In not entirely unrelated news, a member of the board of Florida’s 3rd district took, and failed, the Florida Comprehensive Assessment Test (FCAT), a standardized test, as documented in two posts on the Washington Post blog.

Relevant quote:

“I won’t beat around the bush. The math section had 60 questions. I knew the answers to none of them, but managed to guess ten out of the 60 correctly. On the reading test, I got 62% . In our system, that’s a ‘D,’ and would get me a mandatory assignment to a double block of reading instruction.

“It seems to me something is seriously wrong. I have a bachelor of science degree, two masters degrees, and 15 credit hours toward a doctorate. I help oversee an organization with 22,000 employees and a $3 billion operations and capital budget, and am able to make sense of complex data related to those responsibilities….

Here is a sample of the math portion of the 10th grade FCAT, the most advanced one. Sample question: “An electrician charges a $45 fee to make a house call plus an hourly rate for labor. If the electrician works at one house for 3 hours and charges $145.50 for the job, what is the electrician’s hourly rate?” You can use a calculator.

Lies, Damn Lies, and the Royal Society Report

A few days ago, the Royal Society released a report on “Global Scientific Collaboration in the 21st Century.” Usually, when a document has “in the 21st Century” in the title, it can only go downhill from there. (I once had to review a paper that started with “As we enter the second decade of the 21st Century…” and, hard as it is to believe, it did go further downhill from there.) But the Royal Society is one of the most hallowed of scientific institutions, so one might have still hoped for the best.

The report was widely quoted in the press as predicting that China would overtake the United States in scientific output by 2013.

Indeed, in Section 1.6 (pages 42-43), the report uses data provided by Elsevier to estimate the number of scientific papers produced in various countries. We’ll skip the objection that the number of papers is a worthless measure of scientific output and go to figure 1.6 in the report, reproduced below.

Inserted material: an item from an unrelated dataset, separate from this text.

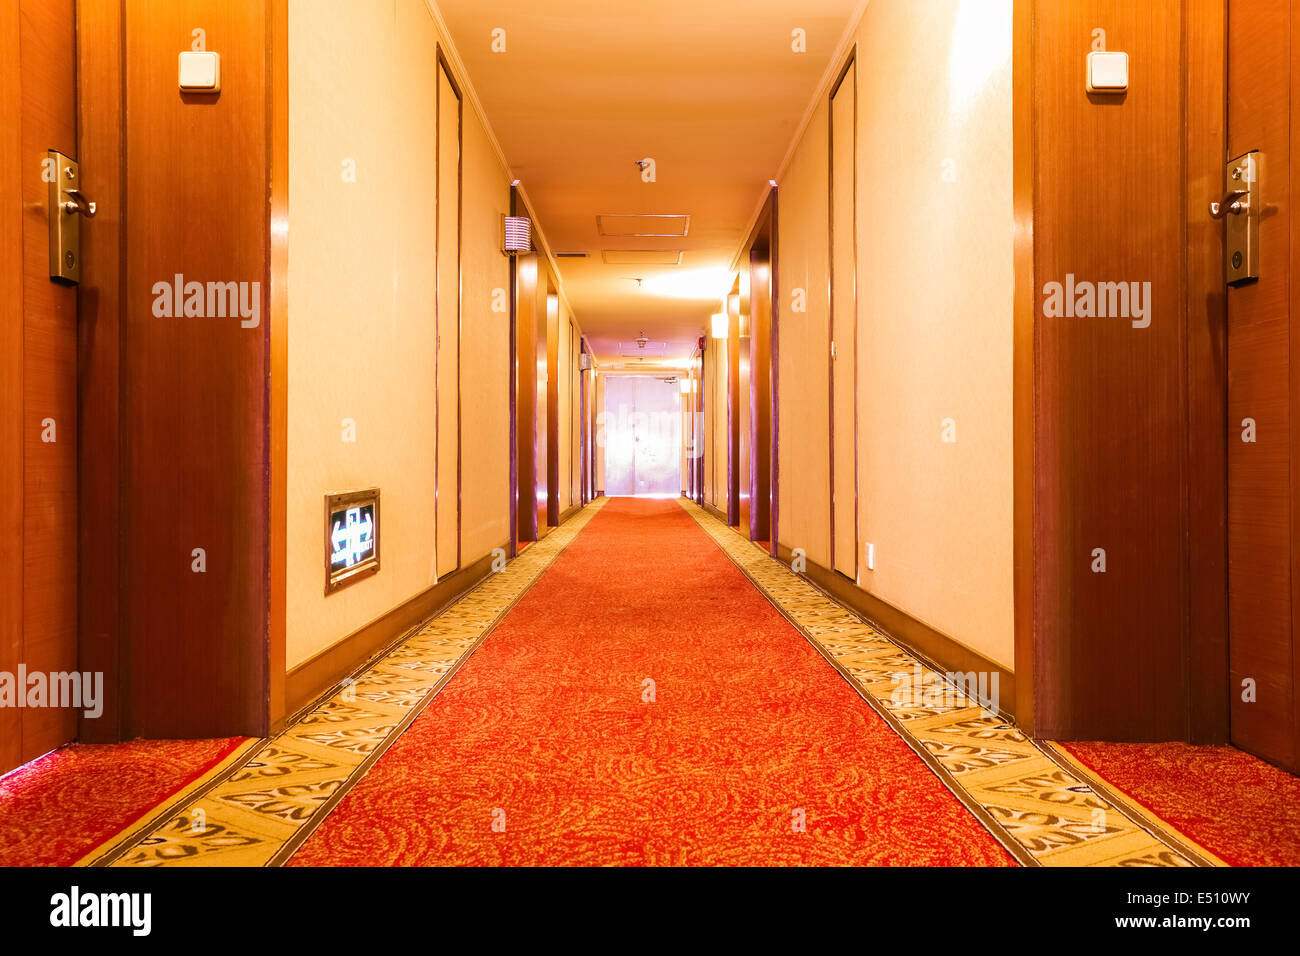 hotel corridor Stock Photo
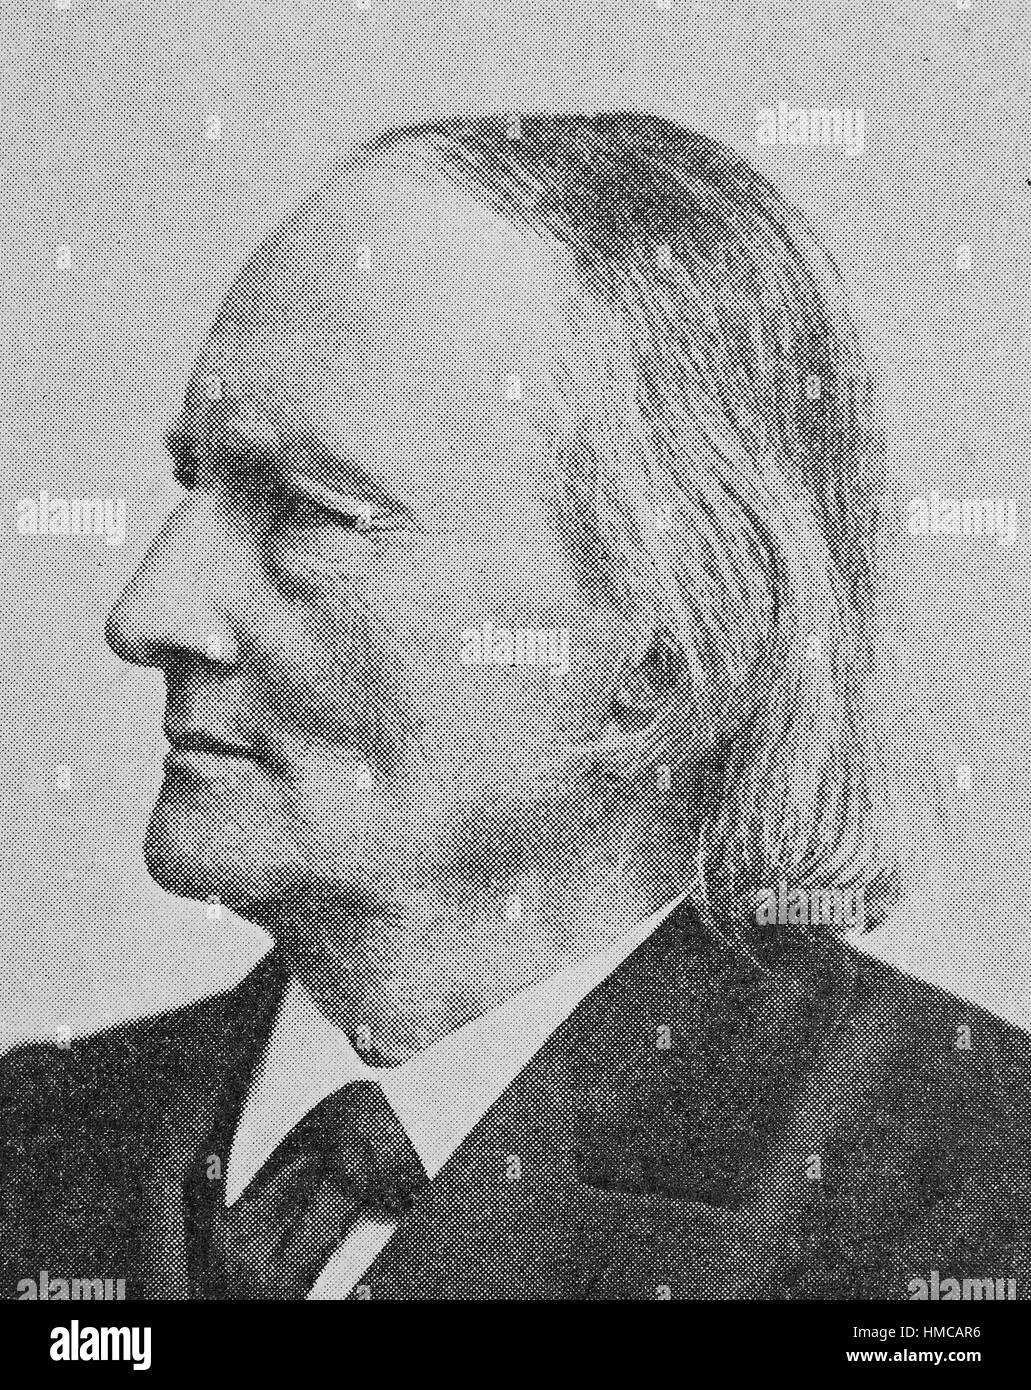 Karl Gotthelf Jakob Weinhold, 26 octobre 1823, à Reichenbach - 15 août 1901, à Bad Nauheim, était un linguiste et folkloriste allemand spécialisé dans les études allemandes, photo ou illustration, publié en 1892, l'amélioration numérique Banque D'Images

The figure plots the percentage of scientific papers coming out of various countries, and then proceeds to do a linear interpolation of the percentages to create a projection for the future.

While such an approach shows China overtaking the US in 2013, it also shows, more ominously, China publishing 110% of all scientific papers by 2100. (The report concedes that linear interpolation might not make a lot of sense, yet the picture is there.)